§ **DATA RECORDS**
________________________________________

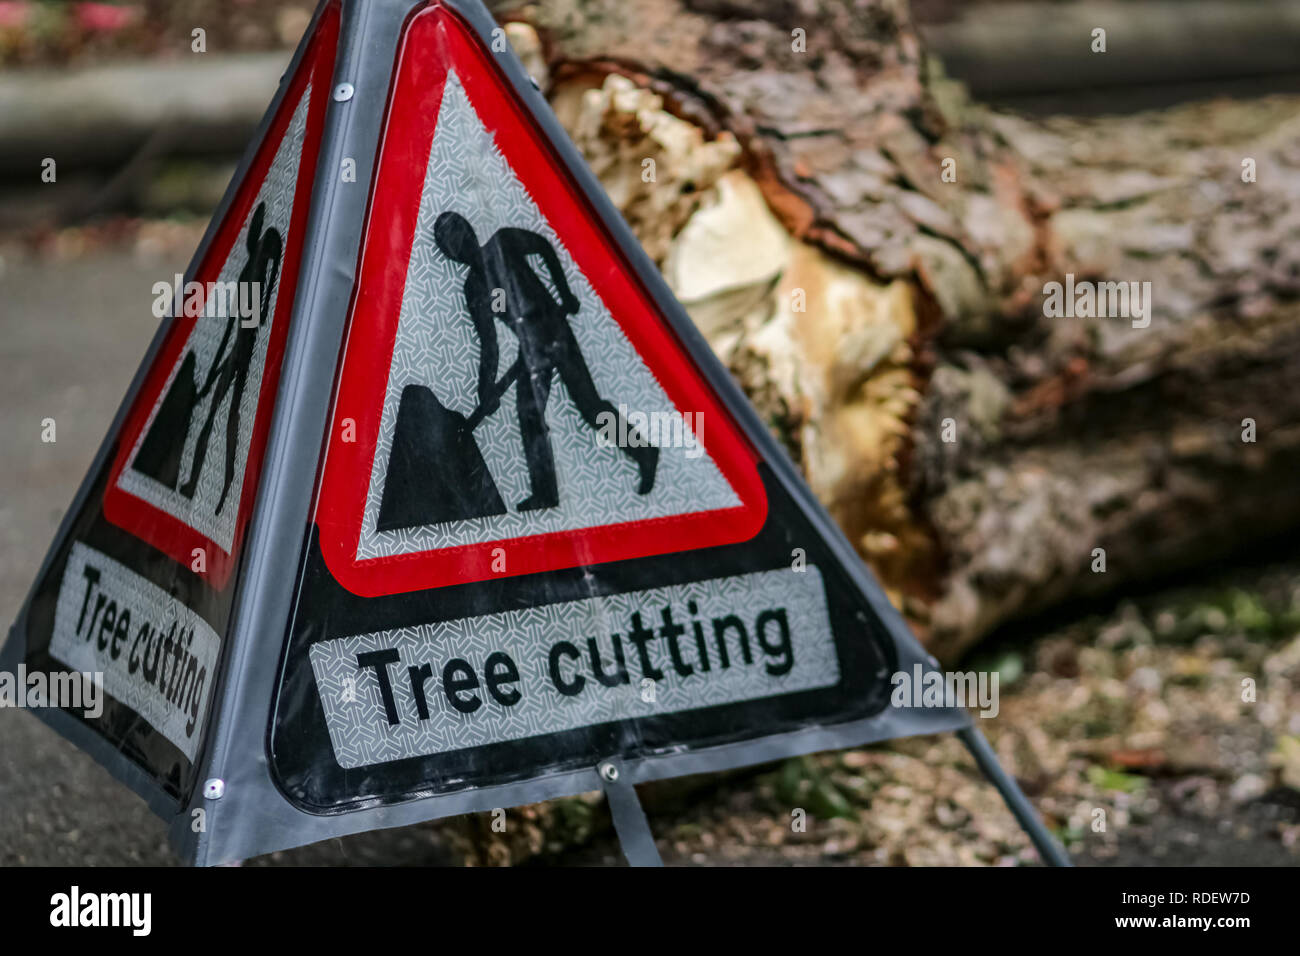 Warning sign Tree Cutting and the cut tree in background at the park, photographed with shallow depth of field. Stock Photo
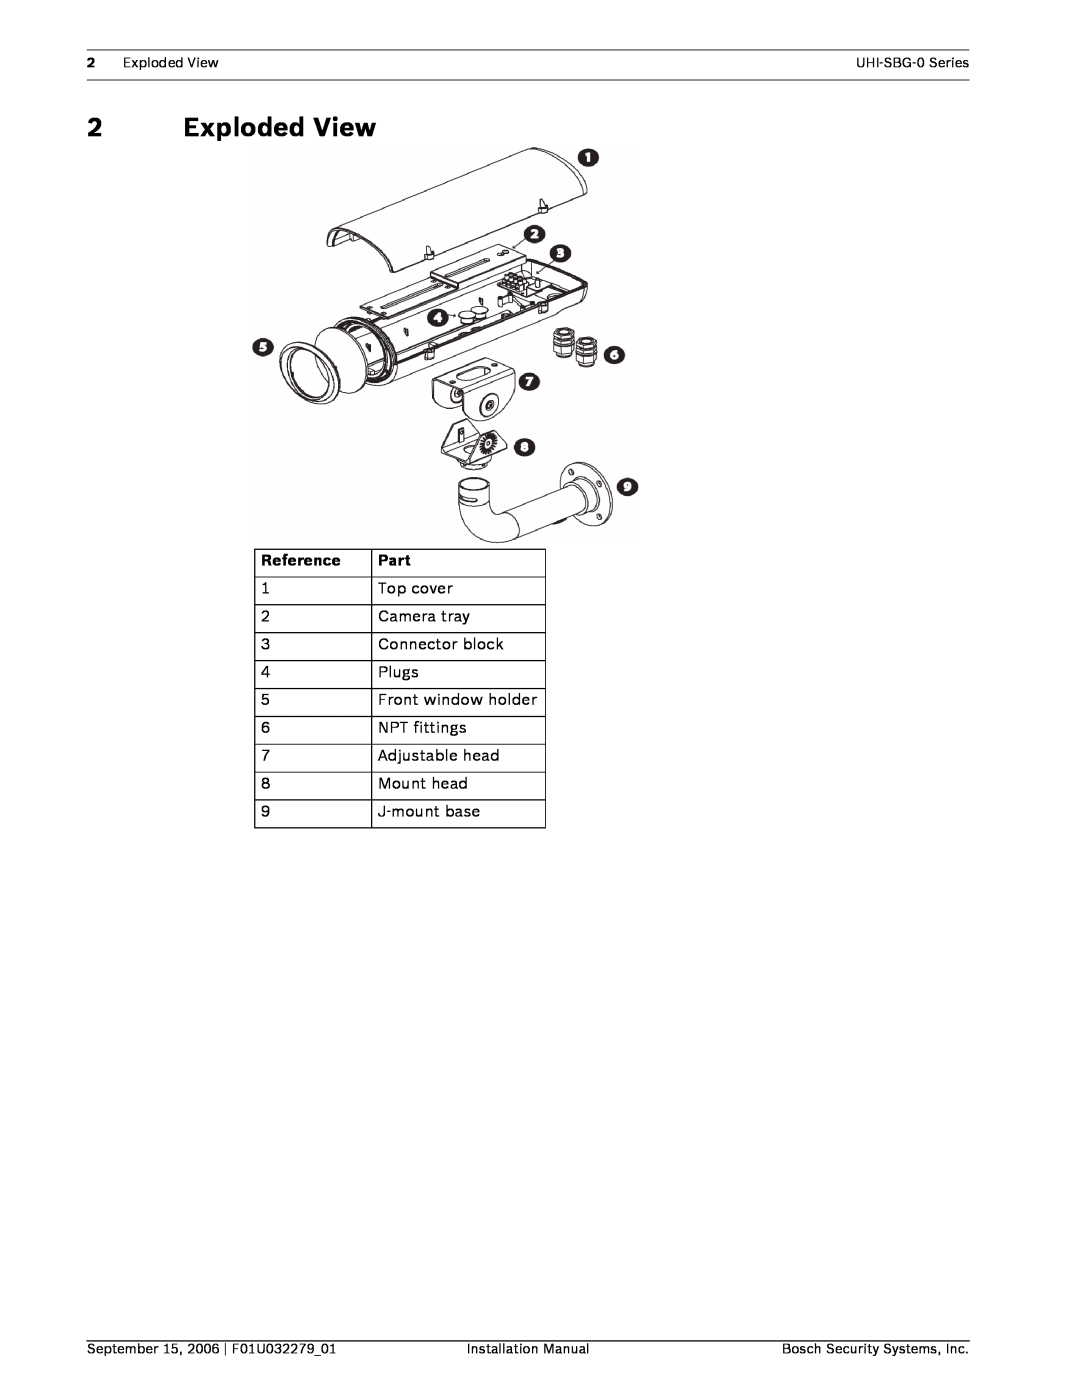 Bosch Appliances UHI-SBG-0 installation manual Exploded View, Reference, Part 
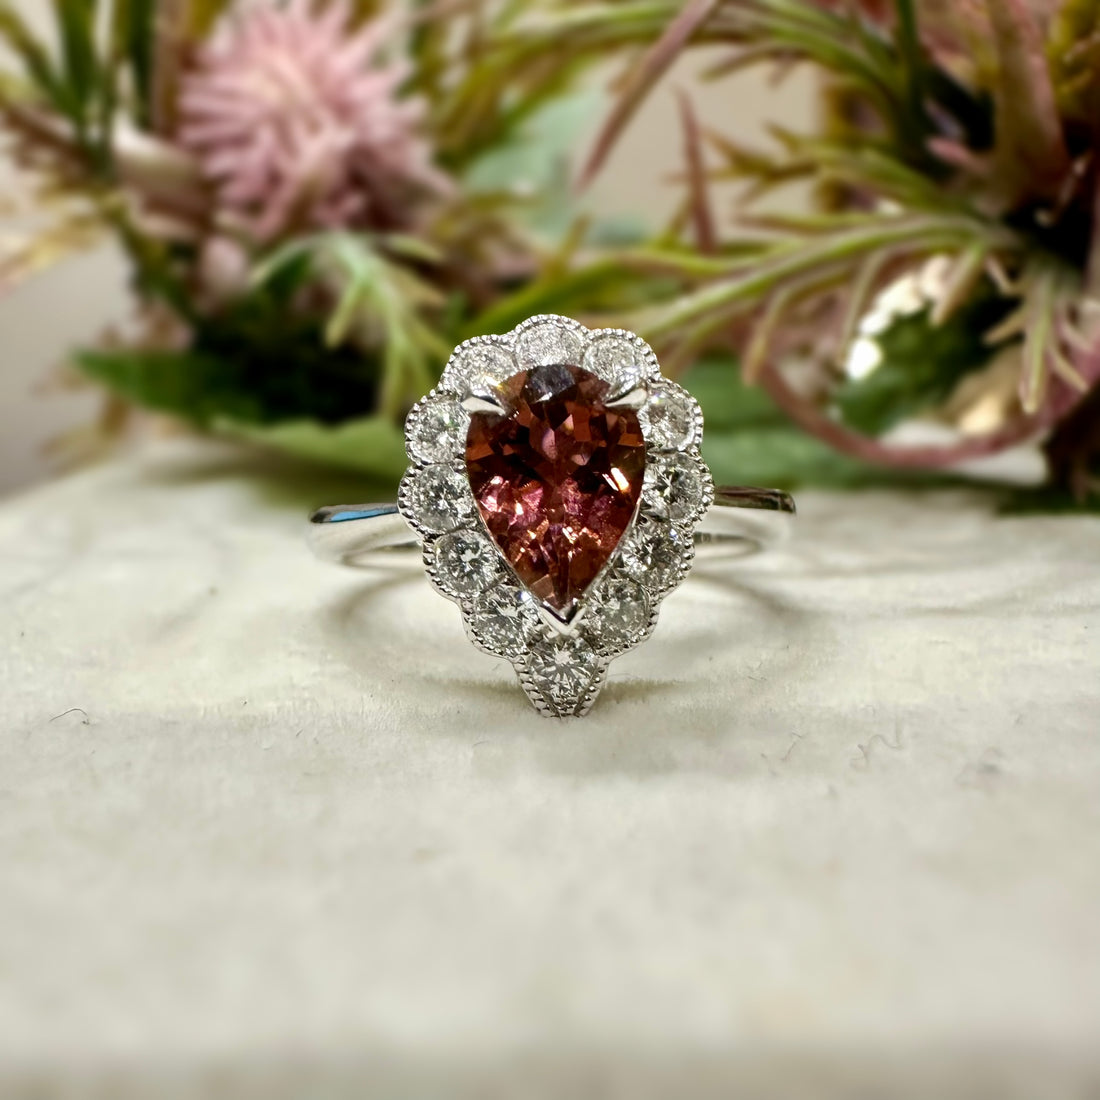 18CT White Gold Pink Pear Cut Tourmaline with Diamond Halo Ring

________________________________________

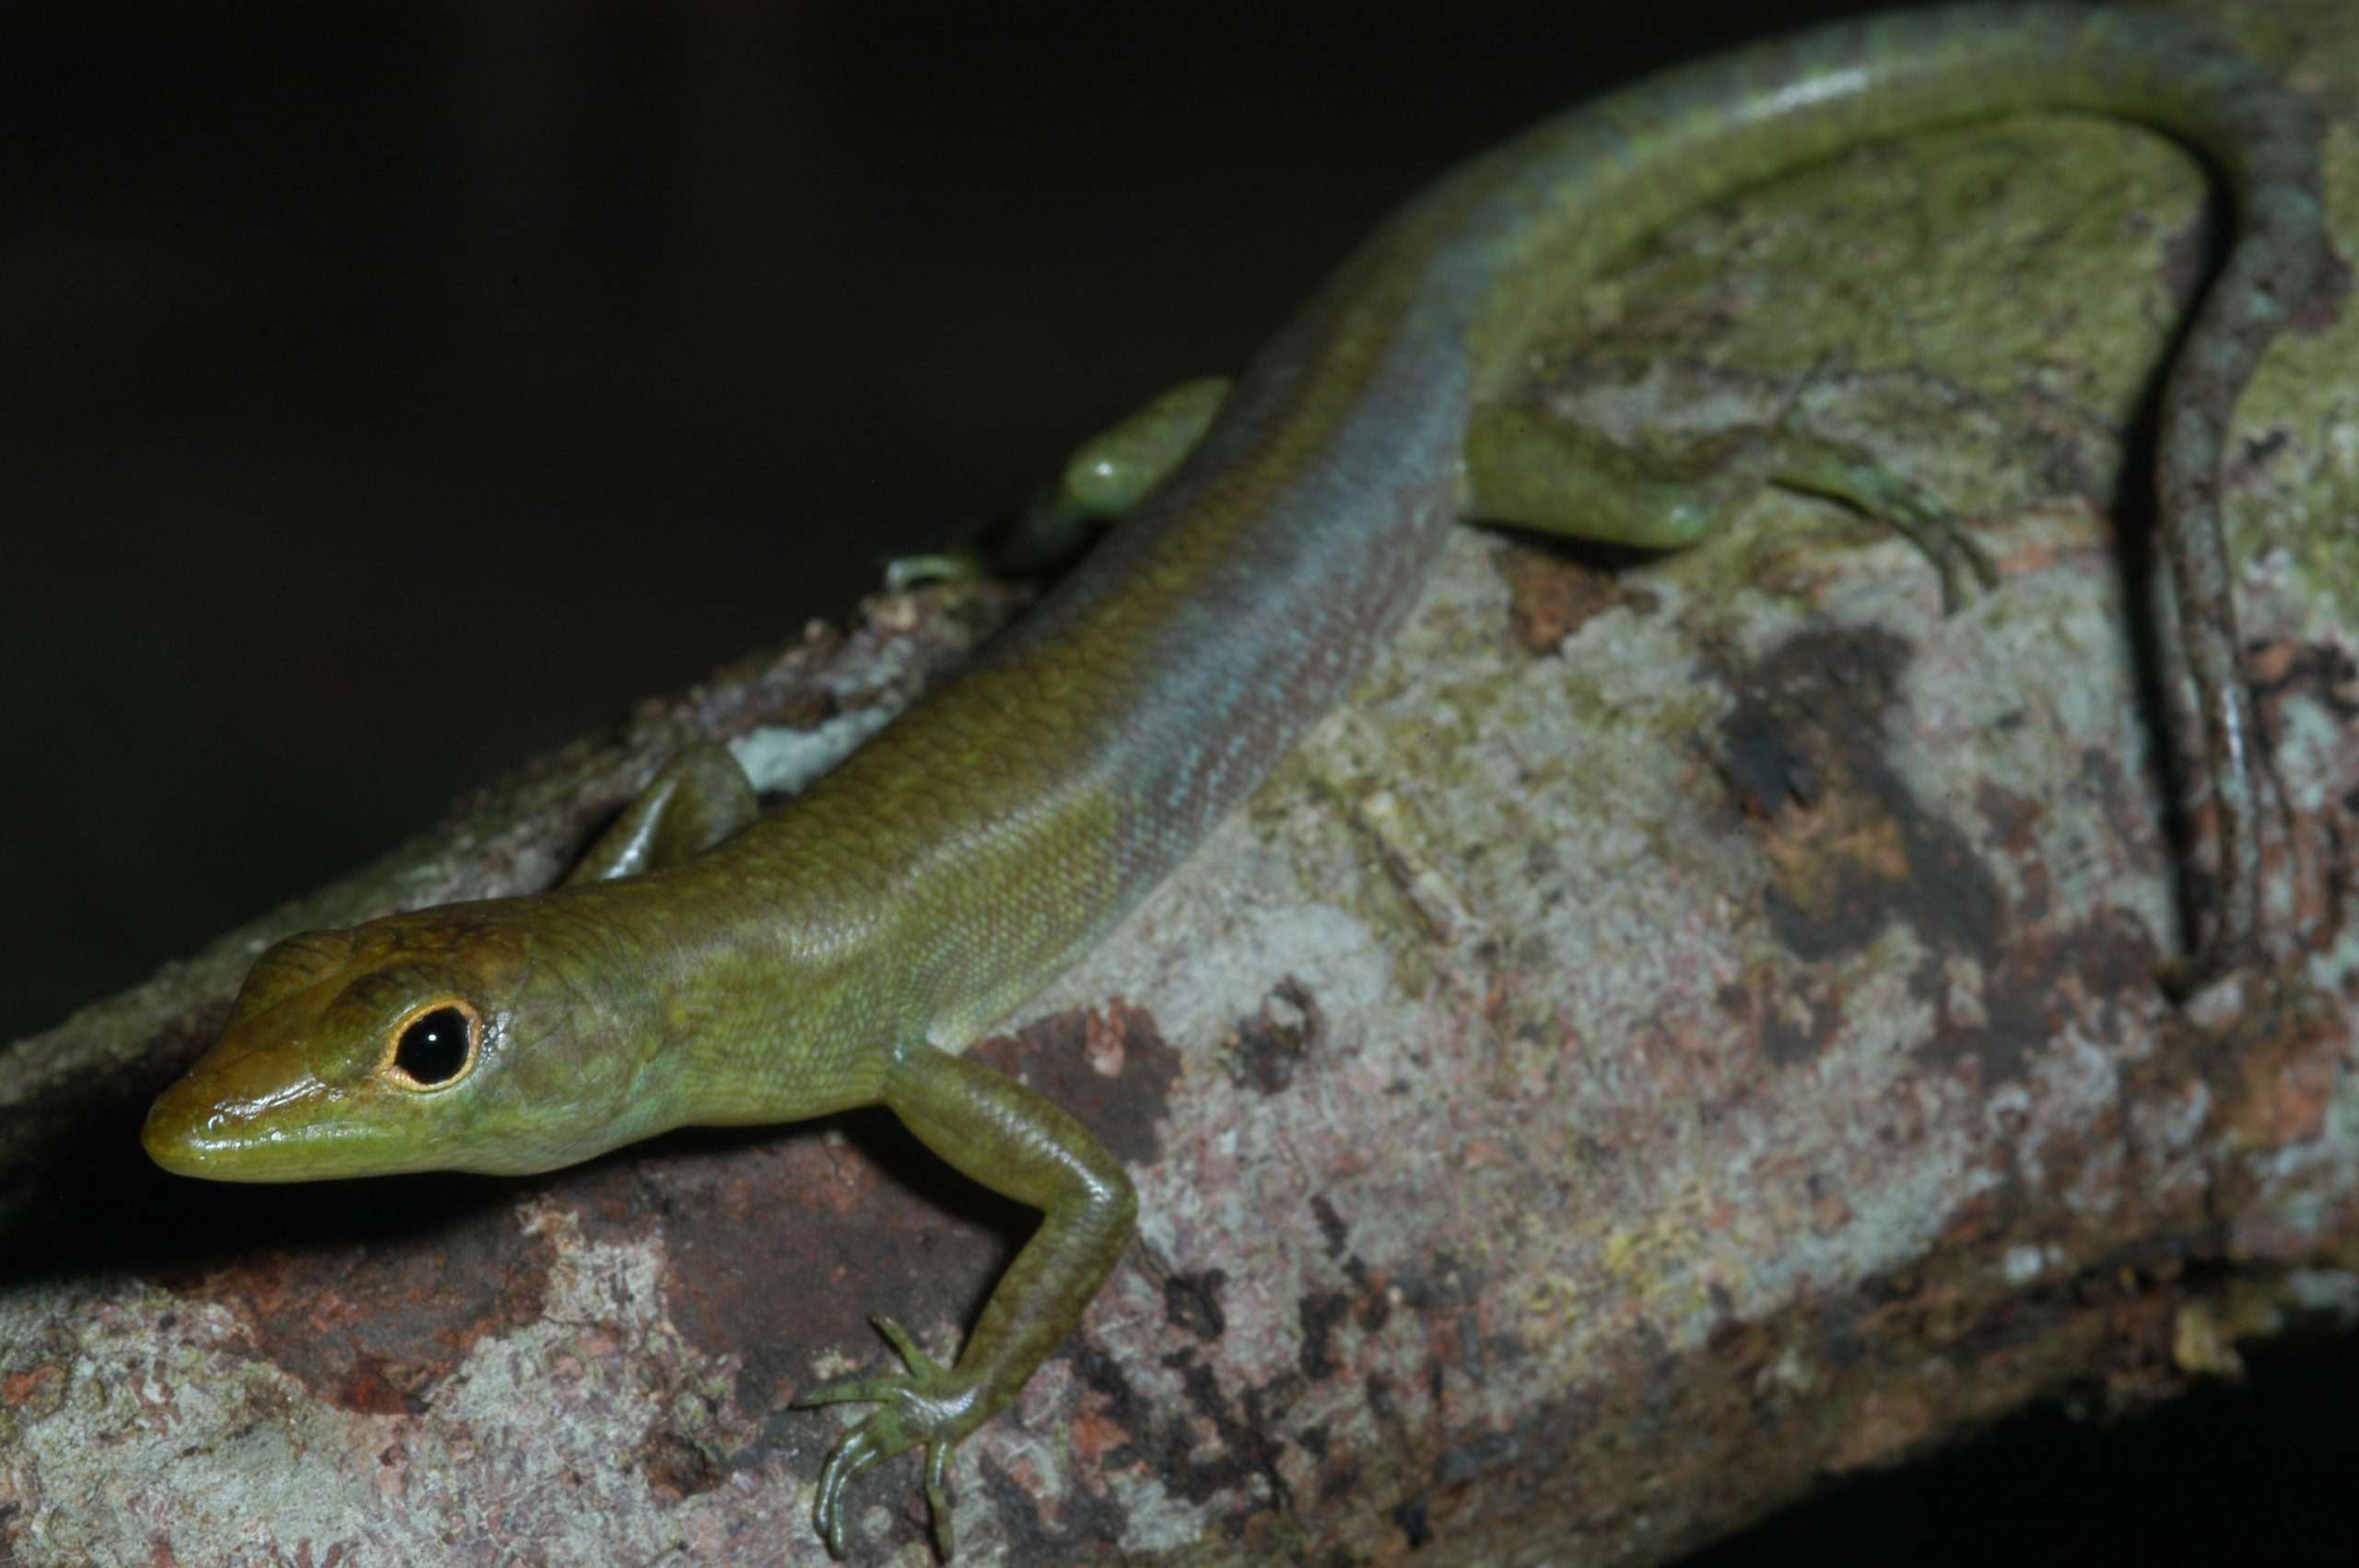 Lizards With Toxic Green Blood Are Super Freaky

________________________________________

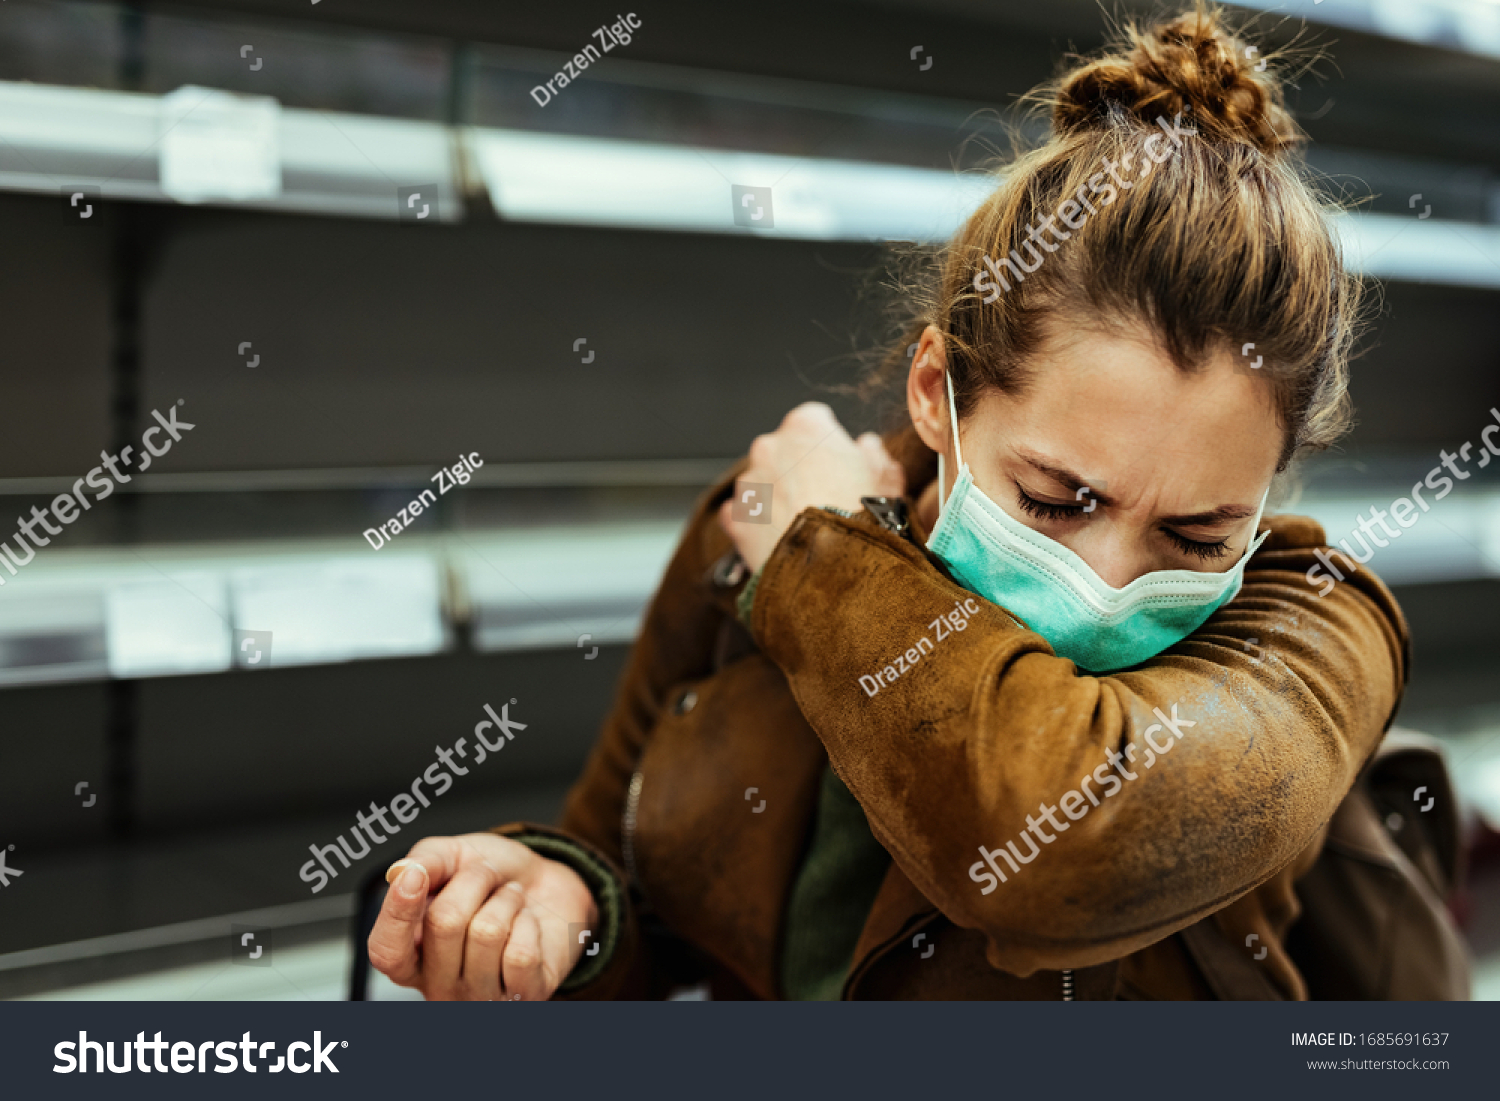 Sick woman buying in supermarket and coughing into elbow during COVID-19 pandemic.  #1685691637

________________________________________

§ **ACTIVITY**
Give again the stretch of the entries above that begins at the line with "Bosch Appliances UHI-SBG-0" and ends at the line with "18CT White Gold", word for word, with no pictures.

§ **WRITTEN REPLY**
 Bosch Appliances UHI-SBG-0 installation manual Exploded View, Reference, Part 
 18CT White Gold Pink Pear Cut Tourmaline with Diamond Halo Ring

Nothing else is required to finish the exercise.